A recent project was the woodwork at the Cathedral of the Sacred Heart of Jesus in West Knoxville.

“[The cathedral] was a nerve-wracking experience,” said Clancy, “but we pulled it off on time and on budget. My challenge was to keep things moving and working around the marble flooring people from Italy. I like when you’re on deadline and everyone works together. The cathedral was like that the whole time.”

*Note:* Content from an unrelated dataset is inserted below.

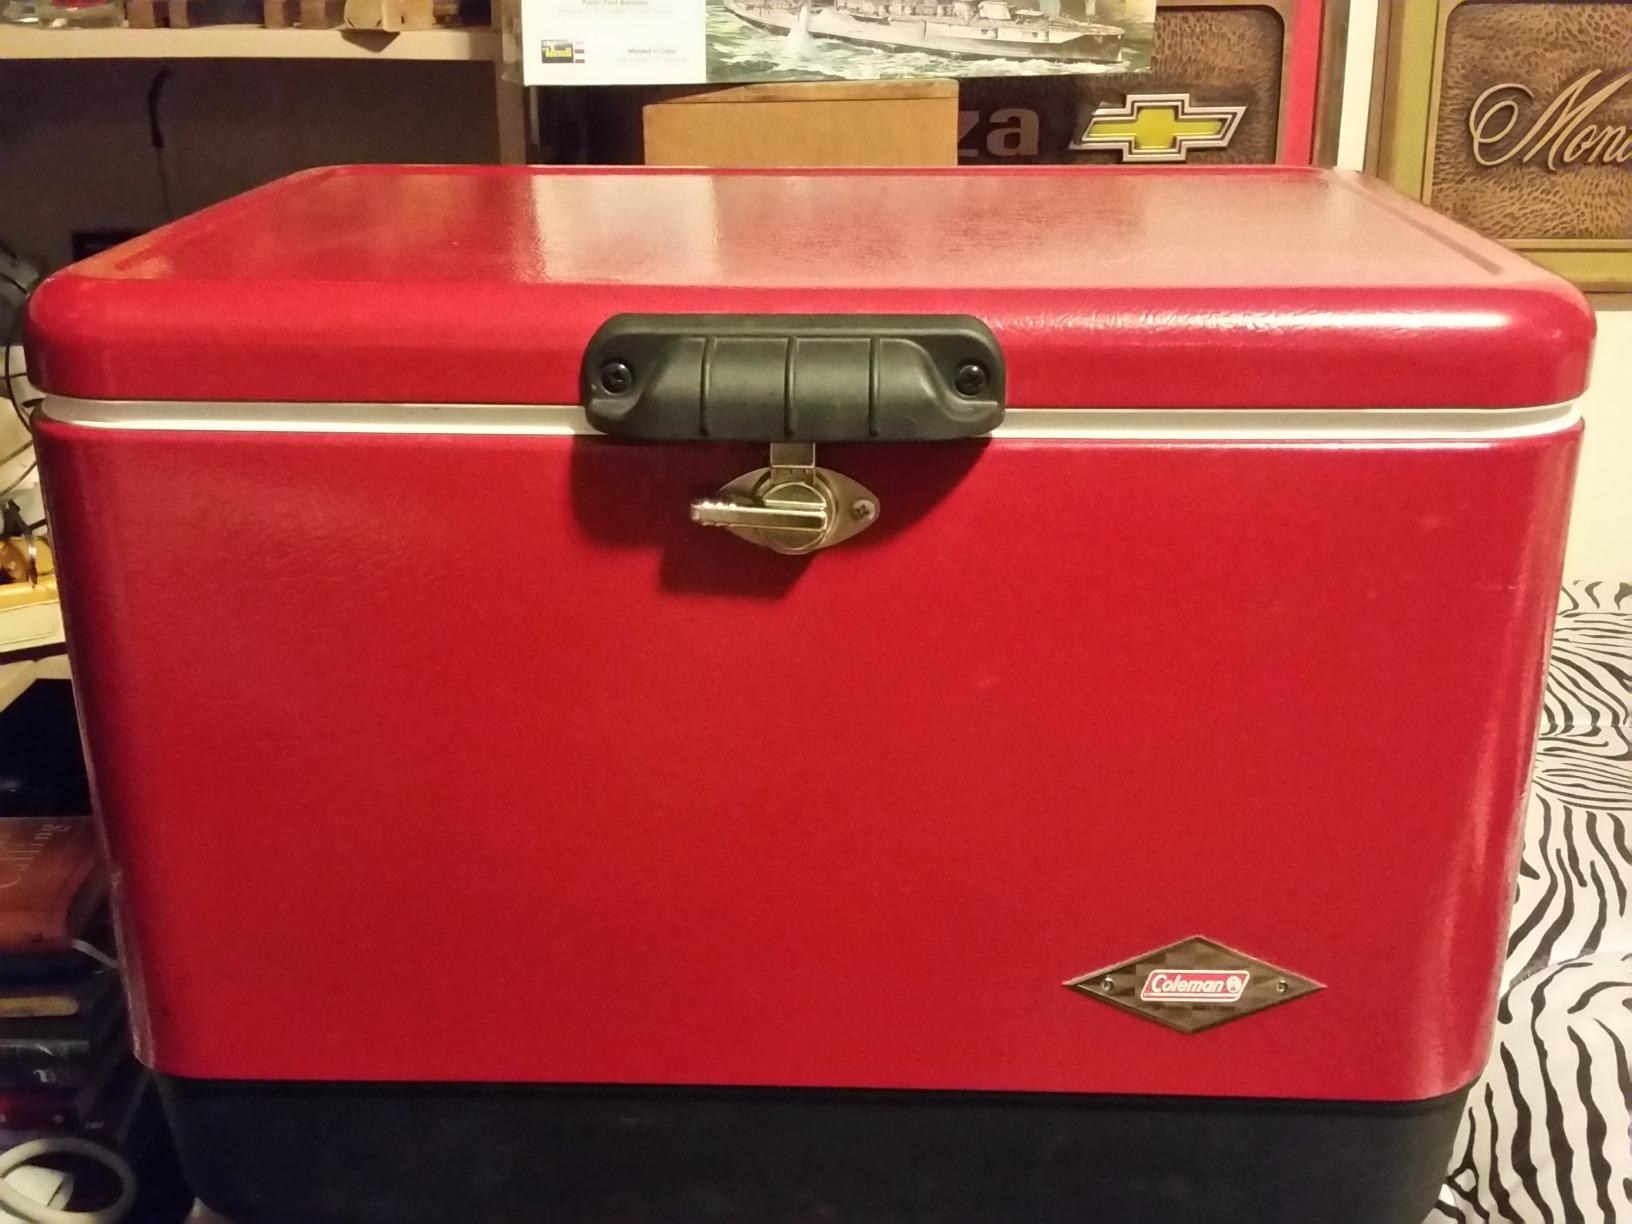 red cooler with metal latch and small Coleman logo on front

Clancy, a Knoxville native who planned to be an opthalmologist, met his wife Stephanie when he was working as an orderly at St. Mary’s Hospital while she was in nursing school there. Marriage and children changed Clancy’s career path.

“I started working construction to support my family,” he said. His love of trim and woodworking led to the formation of Architectural Millwork Specialists in 1994 and Clancy Custom Woodworking in 2009.

“I started with six guys from the previous business,” he said. “Five are still there. Now we have 28 full time employees and nine subcontractors. We do 50-50 residential and commercial. We do everything from design to finish and install. Some jobs are fun; some aren’t. We’ve been very, very fortunate.”

“The people who work for me are a lot smarter than I am,” he continued. “I think that’s the secret: Hire good people and don’t get in their way. If I say to my guys, ‘I don’t think this can be done,’ they’ll kill themselves doing it. It’s so much fun figuring things out.”

Clancy’s work doesn’t stop when he goes home.

“In 1982 we paid $42,000 for a 3,000 square foot house the neighborhood was going to buy and tear down,” he said, “and we’ve been working on it ever since. My wife asked, ‘Why does everyone else get a nice kitchen?’ so for Christmas I gave her a new kitchen. On Christmas Eve we were screwing in the last door.”

His next project is a fun one.

“I’m starting on a tree house for my grandchildren,” he said. “It’s going to have a zip line and a fireman’s pole.”